Brian Walter writing book on Coburn; You can read it first on Page 5, starting today
Kingfisher businessman Brian Walter is writing a book on the late Sen. Tom Coburn, M.D.
During coming weeks the Times and Free Press will print chapters of the book on Page 5 of its Wednesday editions.
It’s a system that America’s first president, George Washington, used to publish a book he wrote. Walter has a copy of that book, incidentally.
At the conclusion of Walter’s writing, The Times and Free Press staff will compile the chapters in a book format to be published as one unit.
We’re pleased to say we encouraged Walter to undertake this job, mostly because we thought that Coburn, a strictly ethical and honest man and public servant, never received the appreciation he deserved while he was alive.
Also, Brian is a superb writer and is uniquely positioned to write this book because of his close association with Coburn as Doctor Coburn attempted to put the U.S. Congress on a straight path with his no nonsense fiscal conservatism – so conservative that his own party members were at odds with him almost as much as the Democrats.
Walter is following up on Coburn’s plan to get members of Congress to agree to forego their salaries if they don’t produce a balanced budget each year.

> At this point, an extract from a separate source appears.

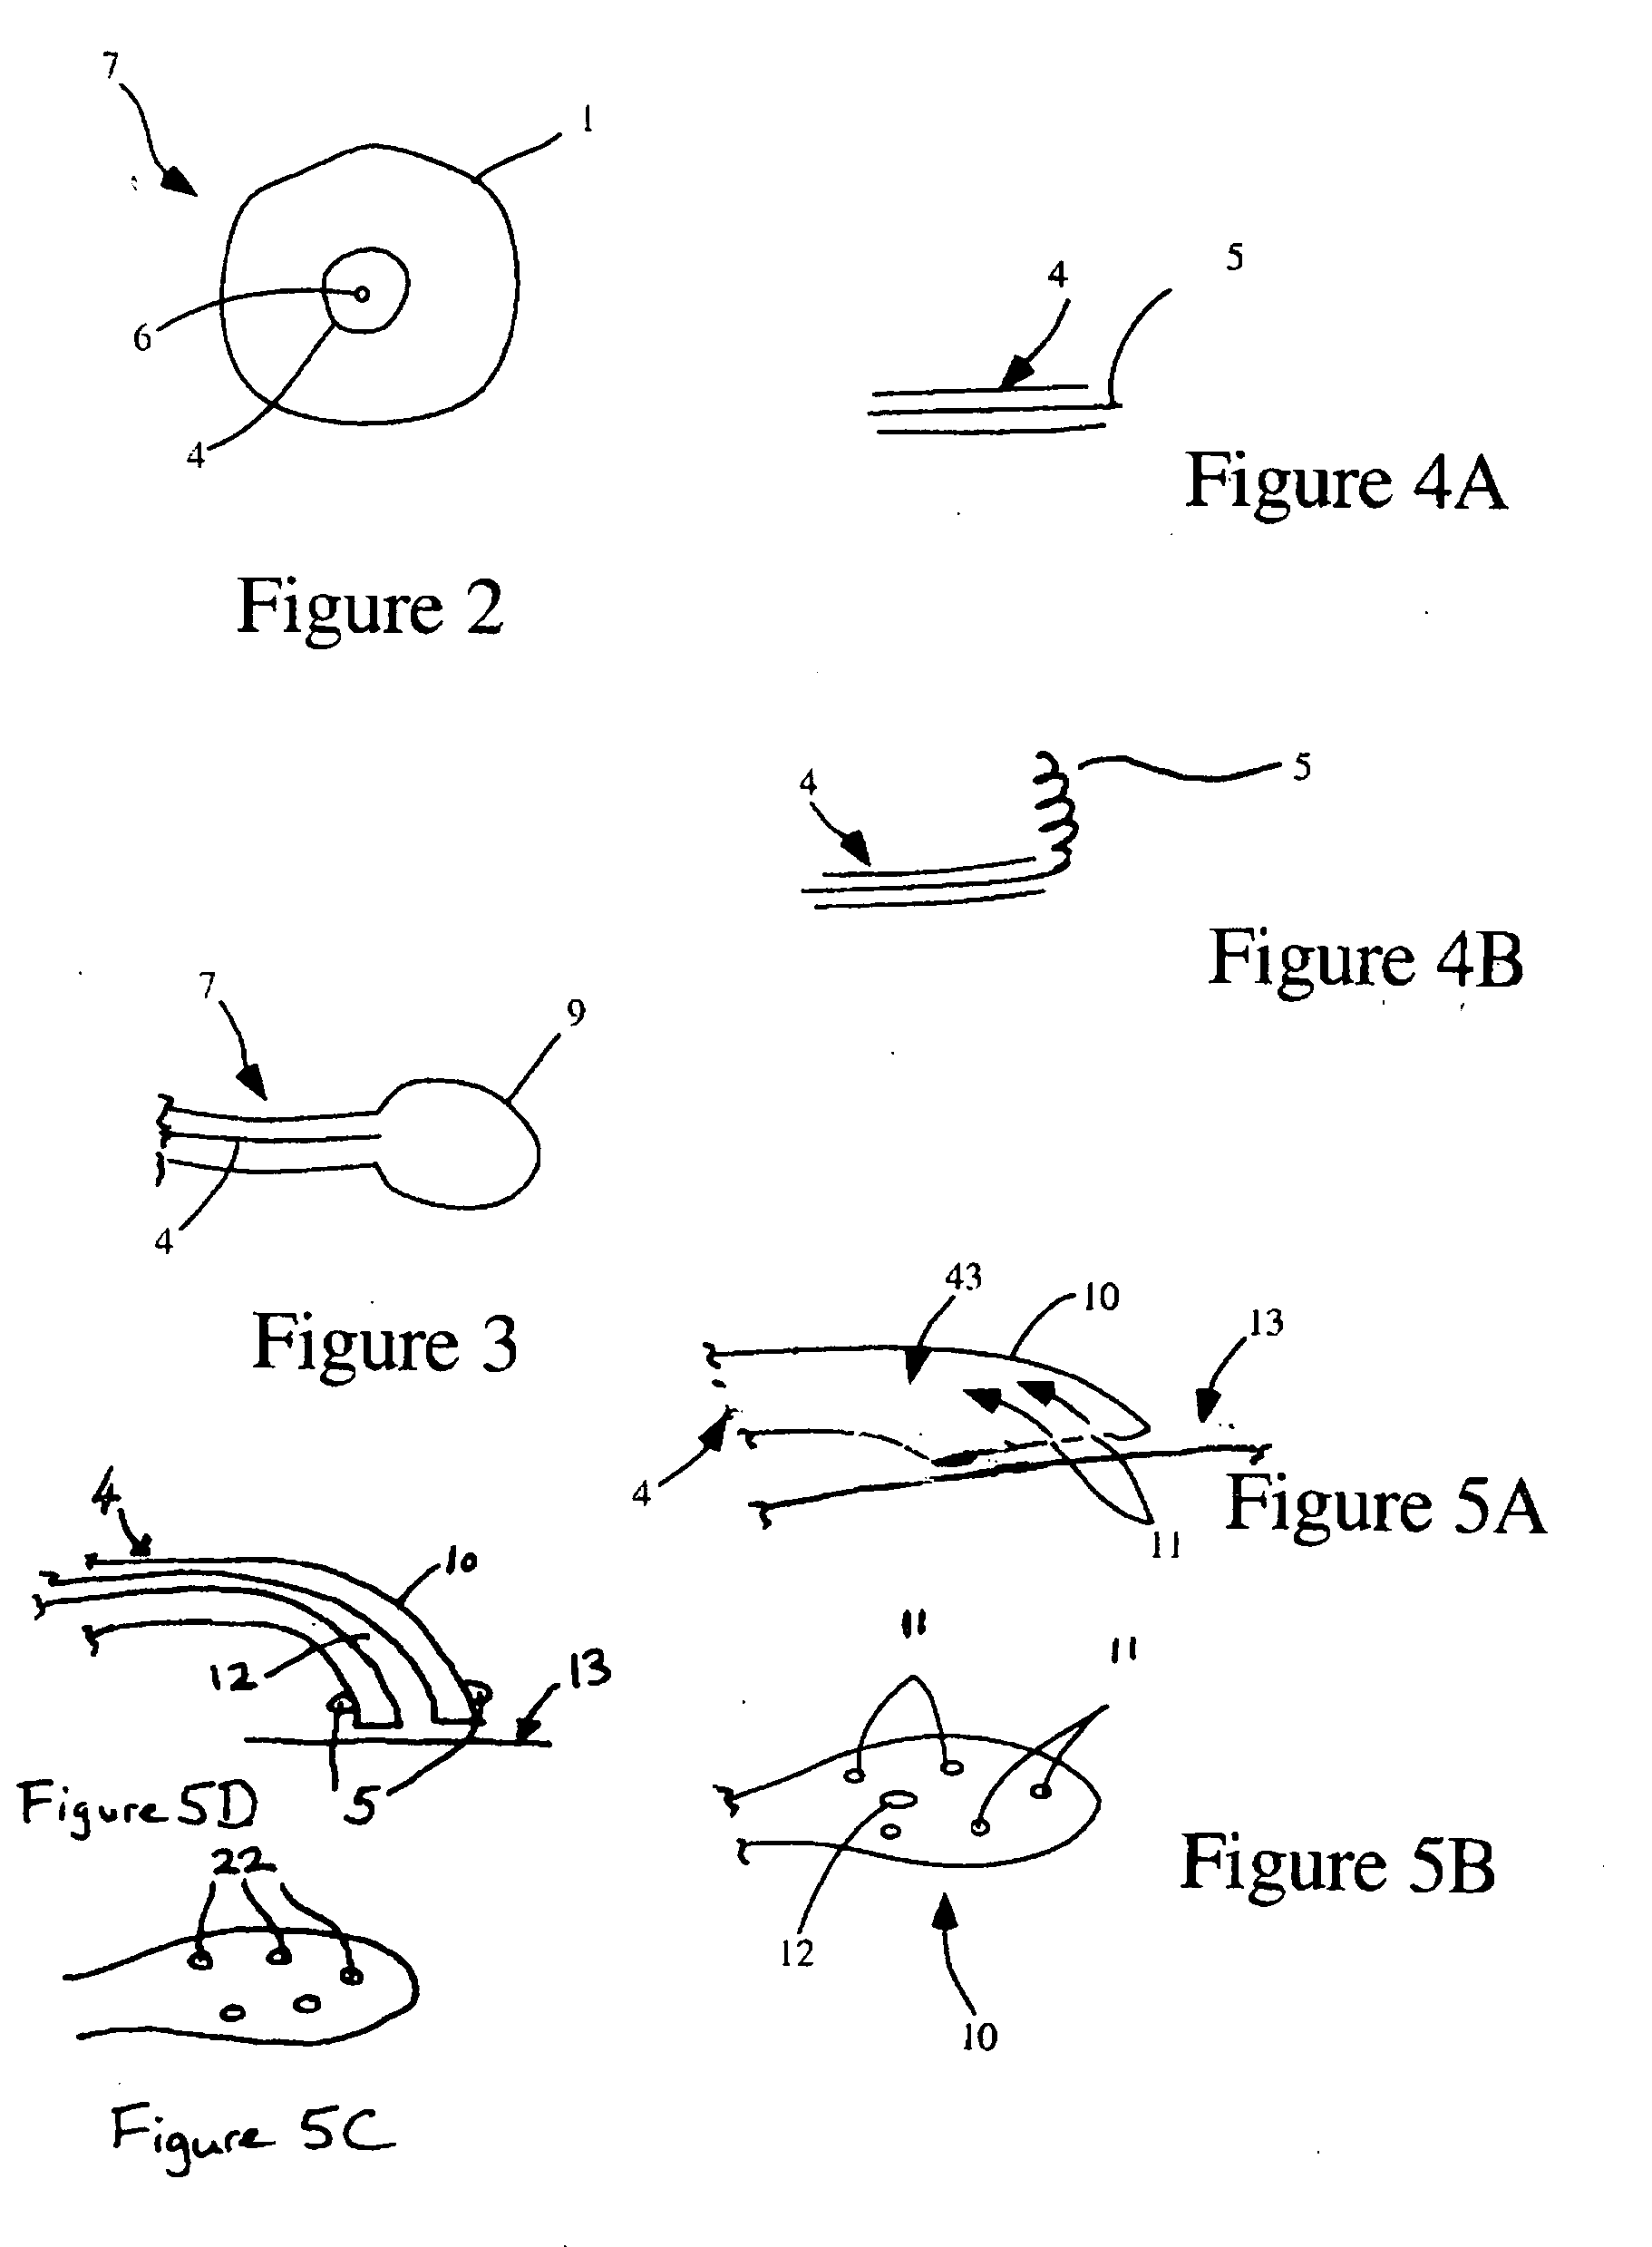 Devices and methods for treating cardiac pathologies
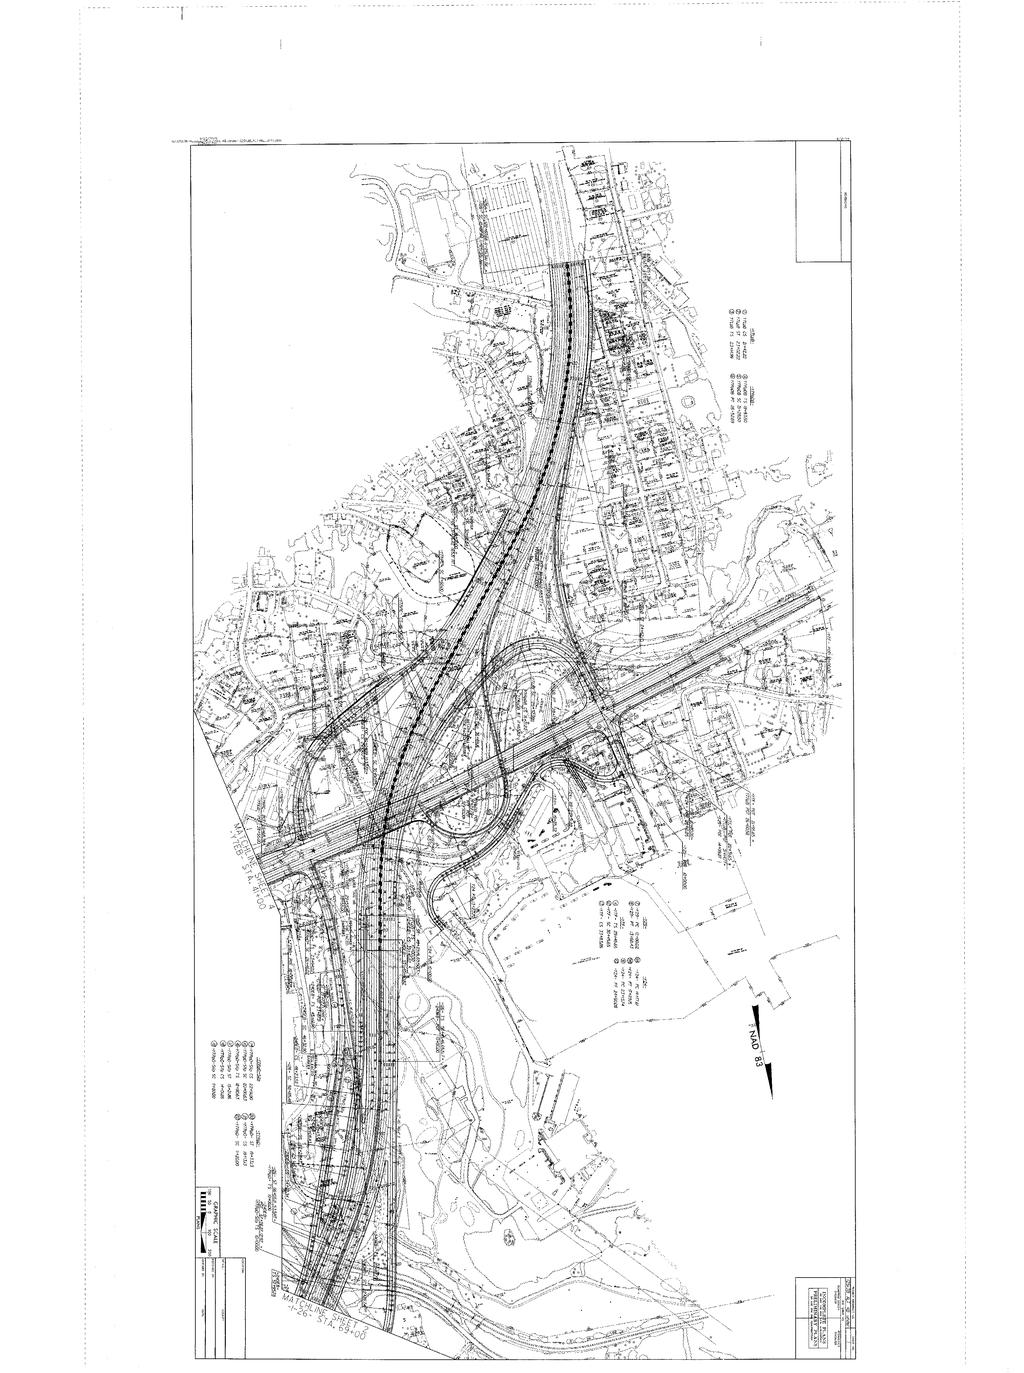 ADC review and analysis of CDOT drawing (study area 2, 2009) Smith Mill Creek overall corridor does not allow for urban development Smith Mill Creek is further culverted, when it should be restored

Walter, who calls the effort “Unity Above Self for America” is working to get members of Congress to enact a “No Budget, No Pay Act.”
It would require Congressional members to forego their salaries if they don’t pass a budget bill balanced preferably.
Coburn became a pariah in his own party during his all-to brief tenure in Congress because he opposed pork barrel projects that did not benefit the entire nation while also sending the nation’s debt through the roof.
One of the most noxious bills that Coburn brought to America’s attention was one sponsored by Sen. Ted Stevens (R-Alaska), which called for appropriating $200 million for a bridge to connect an island populated by 50 residents to the Alaskan Mainland.
Coburn dubbed the effort the “Bridge to Nowhere.” That is when Coburn learned what it’s like to buck the Senate power structure.
He had picked a fight over pork with one of the Senate’s most venerated leaders.
Stevens, a 40-year veteran of Congress also happened to be the Senate’s president pro tempore.
In the Senate, these kinds of giveaways are not unusual; members, and especially those in a position of influence, are frequently given millions of dollars for personal spending projects back home, items that bypass the normal review process and are quietly ushered in by their peers (whose own projects get the same deal). But to Coburn, who hadn’t spent 40 years in the Senate and didn’t have any of his own special projects and didn’t particularly care about keeping pacts with his new colleagues, $200 million seemed like a lot to spend on a bridge for fifty people. So he tried to take the earmark out.
An article by Wil S. Hylton in Gentleman’s Quarterly in 2007, who cited Coburn as a “majority of one,” in the U.S. Senate explained, regarding the spendthrift ways of the federal government:
“That’s what Tom Coburn wants you to know. That the members of the United States Congress will spend your money just because they can. That they’ll do it even when they can’t. That every year, they borrow the extra $500 billion from China, raising their own credit limit each time they reach it and then raising it again the next year, for a total of $9 trillion in debt so far.”
Of course, the debt has exploded exponentially since that time. Hylton wrote:
…[A]t the end of the day, when it comes down to a choice between borrowing $200 million from China to build a bridge to nowhere and taking a stand against government waste, four out of five politicians will blow it on the bridge.
Coburn’s position was explained in Hylton’s final paragraph when Coburn compared America’s position with delivering a baby (Coburn’s specialty was pediatrics):
“When you’re delivering a baby,” he said, “and the baby’s getting in trouble, and you can see the baby’s heartbeat, which is normally about 130 or 140 beats per minute, going down to 50 or 60, and you’re standing there watching it go down, you know you’ve got about three minutes to make a decision. You can use a pair of forceps and try to pull it out, you can use a vacuum extractor, or you can leave labor and delivery, put her on the table, put her to sleep, cut a hole in her belly, and take it out with a C-section—but you’ve got to do something, and you’ve got to do it now. That baby’s life depends on what you do in those three minutes. And that’s exactly where we are in our country today. We are in those critical three minutes. If we wait to act, it’s going to be too late. We’re going to lose the baby.”
We can hardly wait to see Brian’s book on Doctor Coburn come to fruition.
You can read along with us while it does…on Page 5A.